Upon A Dark Night
Page 18
She stared at the screen. ‘Well, she’s German, from Bonn. A drop-out from school who lost touch with her people. Got friendly with a young English guy working as an interpreter at the British Embassy and married him. Soon after, they moved to England. He turned out to be a fly-by-night and was away in a matter of weeks. This poor girl found herself jobless and without much knowledge of the language.’
‘Couldn’t she have gone back to Germany?’
‘Didn’t want to. Her life was a mess. She’d walked out on her parents. As the wife of a British subject she was entitled to remain in Britain, and that was her best hope, she thought. She soon used up what little money she had, lived rough for a while, got treated for depression and ended up as one of Imogen’s case-load at Avon Social Services. That’s it, in your nutshell.’
‘The husband. Was his name Henkel, then?’
‘Perkins, or something like that. She wanted to forget him, and no wonder, poor girl.’
‘Wanted it both ways. Wipe him out of her life and use him to qualify as a resident.’
Julie’s eyebrows pricked up. ‘That’s harsh, isn’t it?’
‘Don’t know about that. Your version sounded a shade too sisterly for my taste.’
‘Well, she is dead, for God’s sake. Aren’t we allowed any pity at all in this job?’ She switched off the machine, rolled back the chair and quit the room.
With a sigh, he ran his hand over his head. He held Julie in high regard. Out of churlishness, he’d upset her just to make a point about some woman he had never met except on a mortuary trolley.
Exactly how unfortunate the upset was became clear presently, when he went to his desk to look at the messages. On top was a note from the local Home Office pathologist stating that now that formal identification had taken place, he proposed carrying out the post-mortem on Hildegarde Henkel at 8.30am the next morning. Normally Diamond would have found some pretext for missing the autopsy. It was the one part of CID work he tried to avoid. At least one senior detective on the case was routinely supposed to be present, listening to the pathologist’s running commentary and discussing the findings immediately afterwards. The only possible stand-in was Julie, who had deputised on several similar occasions.
A call to Julie at home?
Even Peter Diamond didn’t have the brass neck for that.
He did not, after all, get home early. He drove over Pulteney Bridge, ignoring the ban on private vehicles, and up Henrietta Street to Bathwick Street, to call at Harmer House. He had two objectives. The first was to examine Hildegarde Henkel’s room. The second was to call on Ada Shaftsbury, a prospect he didn’t relish, but against all reason he felt some sympathy for Ada after the shock she had suffered.

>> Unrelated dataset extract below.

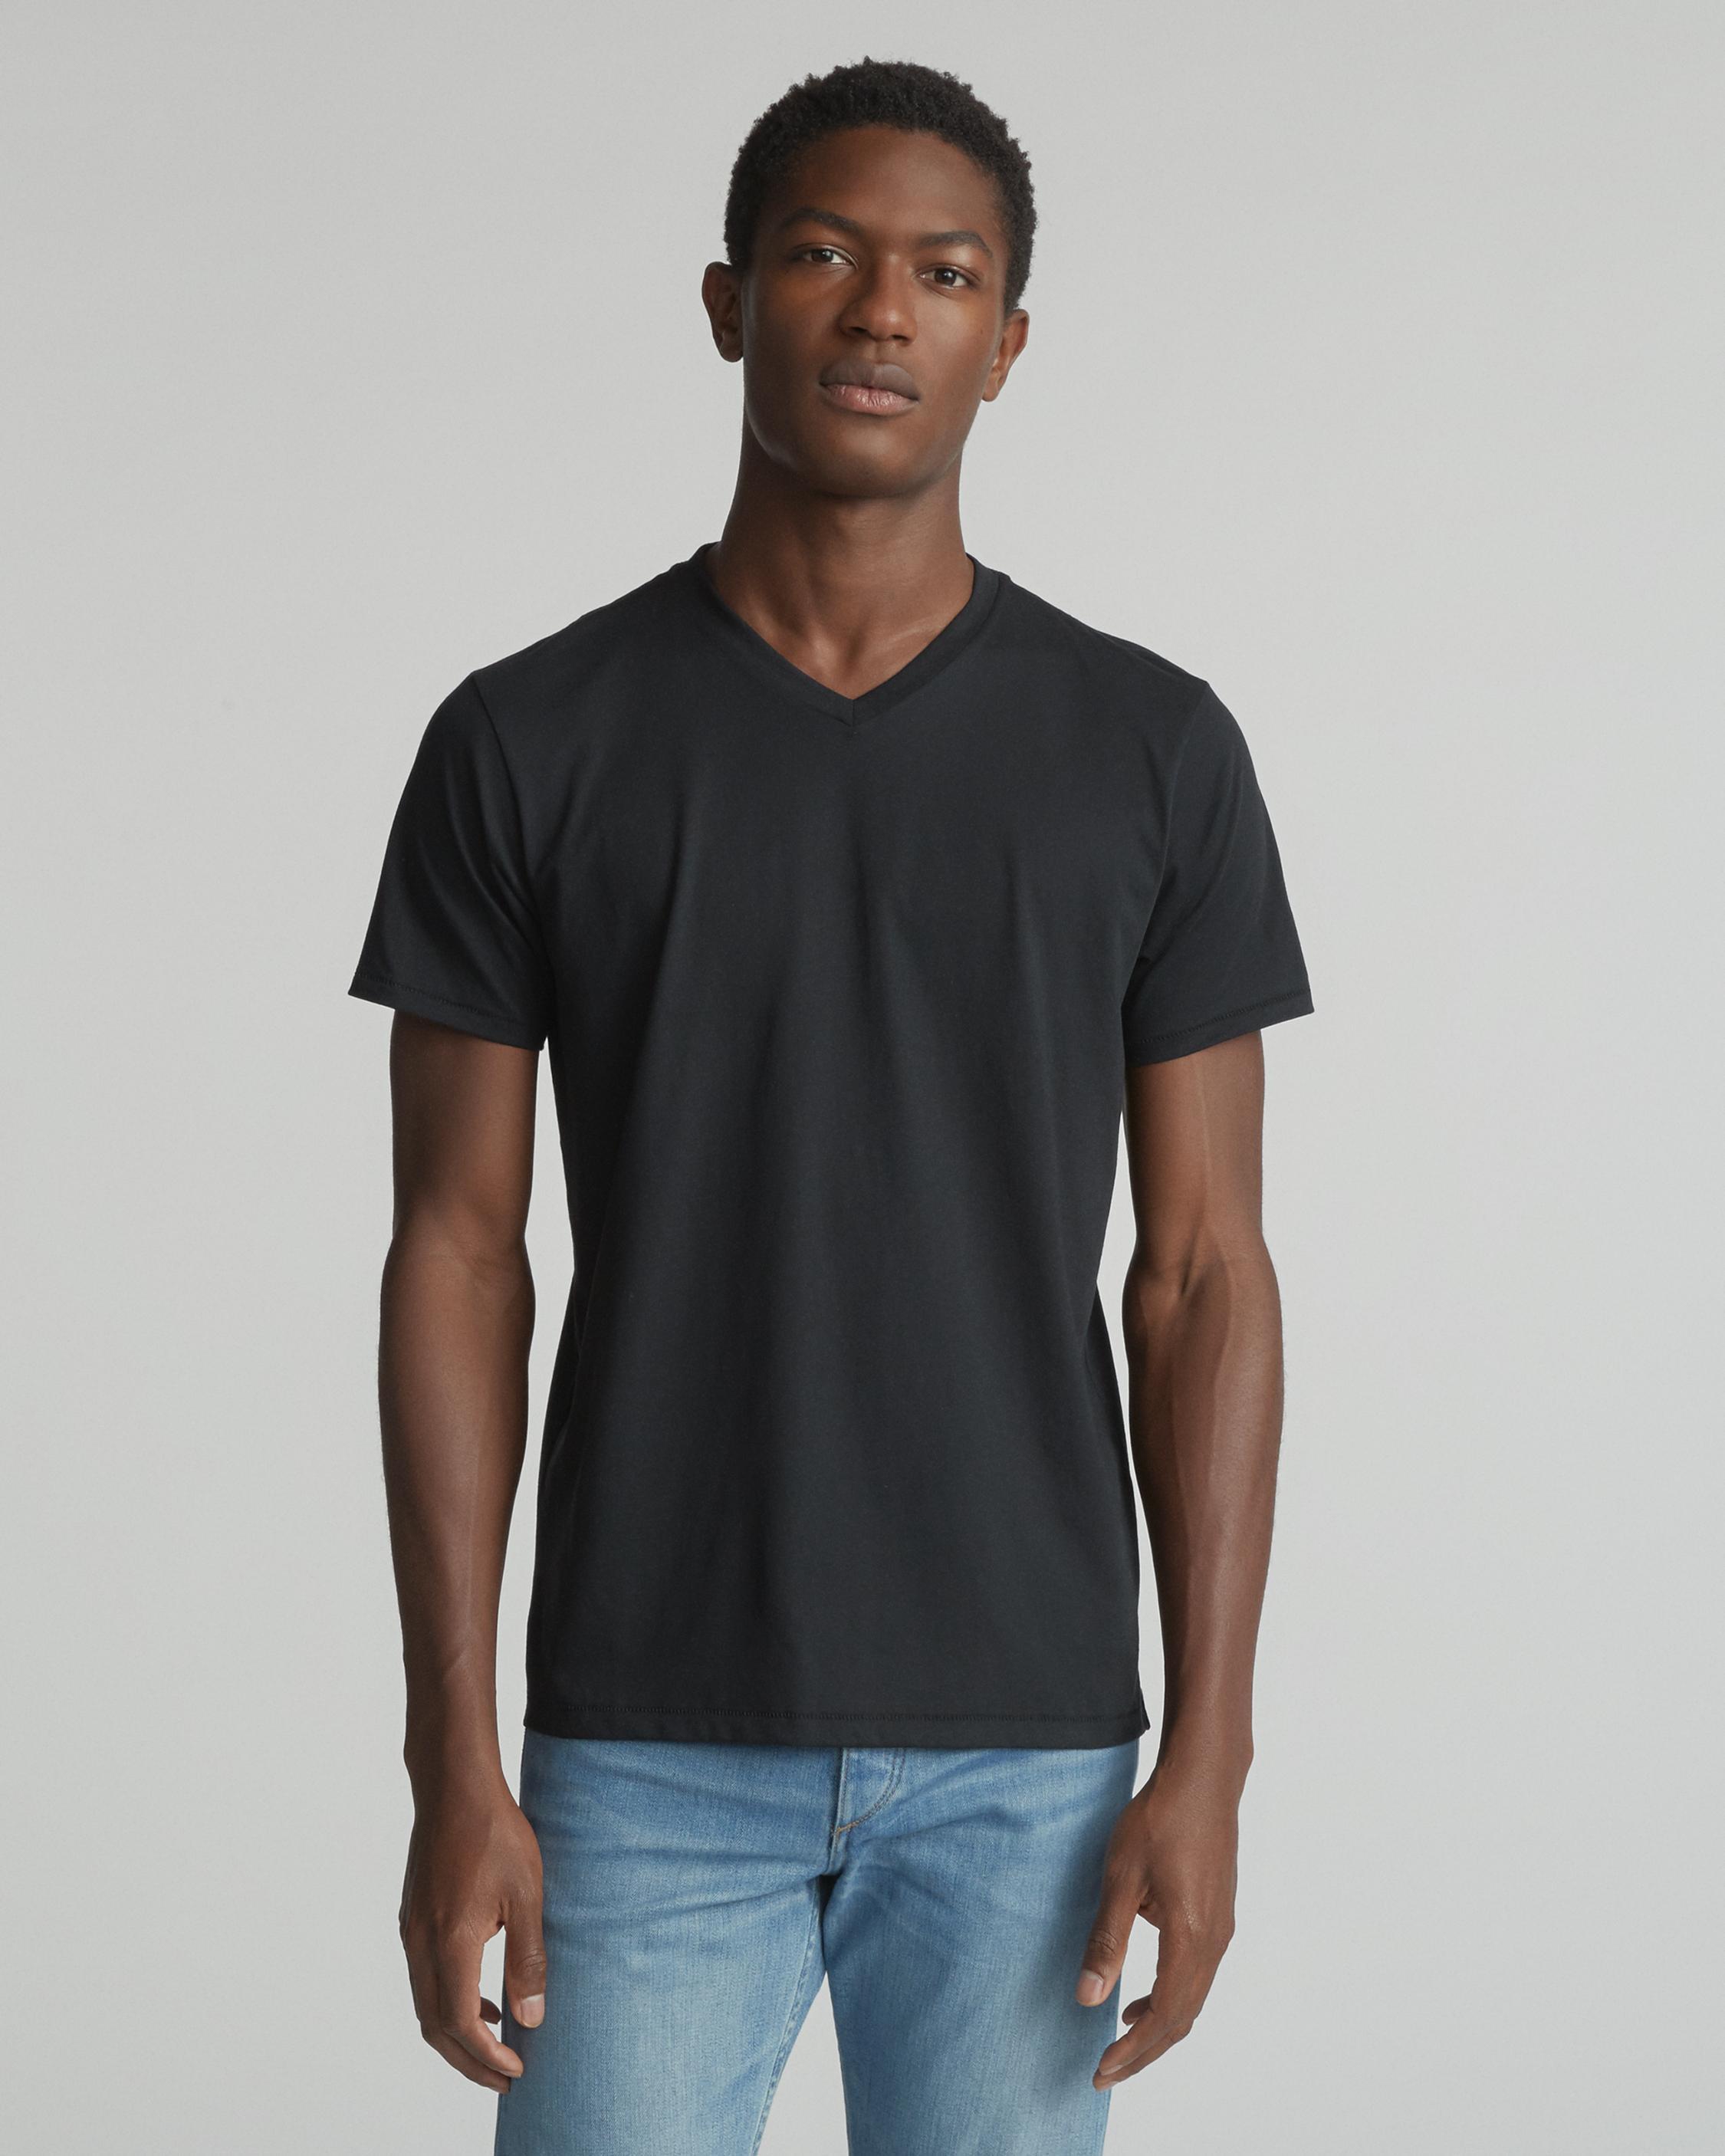 c7313a44 Classic Base V-neck Tee | Men Shirts | rag & bone

True, she had not had to endure the ordeal of watching a pathologist at work, but by her own lights she had gone through a traumatic experience and it had been at his behest.
He found her in her room eating iced bun-rings. Her voice, when she called out to him to come in, was faint, and he prepared to find her in a depleted state. It transpired that her mouth was full of bun.
‘You,’ she said accusingly. ‘You’re the last person I want to see.’
For a moment the feeling was mutual, and he almost turned round and left. She presented such a gross spectacle seated on her bed, her enormous lap heaped with paper bags filled at the baker’s.
‘I called to see how you are – after this morning.’
‘Shaky,’ said Ada. ‘Very shaky.’
‘I didn’t expect it to be someone you knew. I can honestly tell you that, Ada.’
‘She was a true mate of mine,’ said Ada, starting on another bun-ring. ‘She cooked my breakfast every day, you know. She was wonderful in the kitchen. Germans are good learners, and I showed her what an English breakfast should be. I don’t know what I’m going to do without her.’
‘Did you talk to her much?’
She managed a faint grin. ‘Quite a bit. But she didn’t say a lot to me. Her English wasn’t up to it. I taught her a few essential words.’
‘So you wouldn’t know about her state of mind? If she was depressed, say?’
‘You can tell a lot just by looking at people,’ said Ada. ‘Take yourself, Mr Diamond. I can see you’re on pins in case I mention my friend Rose again. You can’t wait to get out of here.’
He ignored the shrewd and accurate observation. ‘And Hildegarde?’
‘She was happier here than she’d been for a long time. She wasn’t suicidal.’
‘Any friends?’
‘Don’t know. I never saw her with any. Not here. She used to go out evenings sometimes. Maybe she knew some German people. They stick together. I can’t think how she got to that party at the Crescent unless she was with some people.’
Diamond pondered the possibility and it seemed sensible. ‘If she was with anyone, they haven’t come forward yet.’
‘Maybe I’m wrong, then. She could have just followed the crowd. Germans are more easily led than us, wouldn’t you say?’
He gave a shrug. These sweeping statements about the Germans left him cold. He was interested only in Hildegarde’s individual actions.
‘Do you want a bun?’ Ada offered. ‘There’s plenty for both of us.’
He was hungry, he realised. ‘Just a section, then. Not the whole ring.’
‘You look as if you could put it away, easy. You and I are built the same way.’
‘Oh, thanks.’
She missed the intended irony. ‘Got to keep body and soul together.’
‘I’m eating later.’
‘I could make tea if you like.’
‘This is fine. Really.’
After a pause for ingestion, Ada said, ‘Help yourself to another one. Do you think she jumped?’
‘I can’t answer that,’ he said. ‘I didn’t know her. You did.’
‘Someone else’s house is a funny place to choose to end it all,’ Ada speculated. ‘But if she wasn’t planning to kill herself, what was she doing on the ledge? Had she taken something?’
‘We haven’t heard from the lab yet. It’s possible. I’m going to look at her room presently.’
‘She didn’t leave a suicide note, I can tell you that.’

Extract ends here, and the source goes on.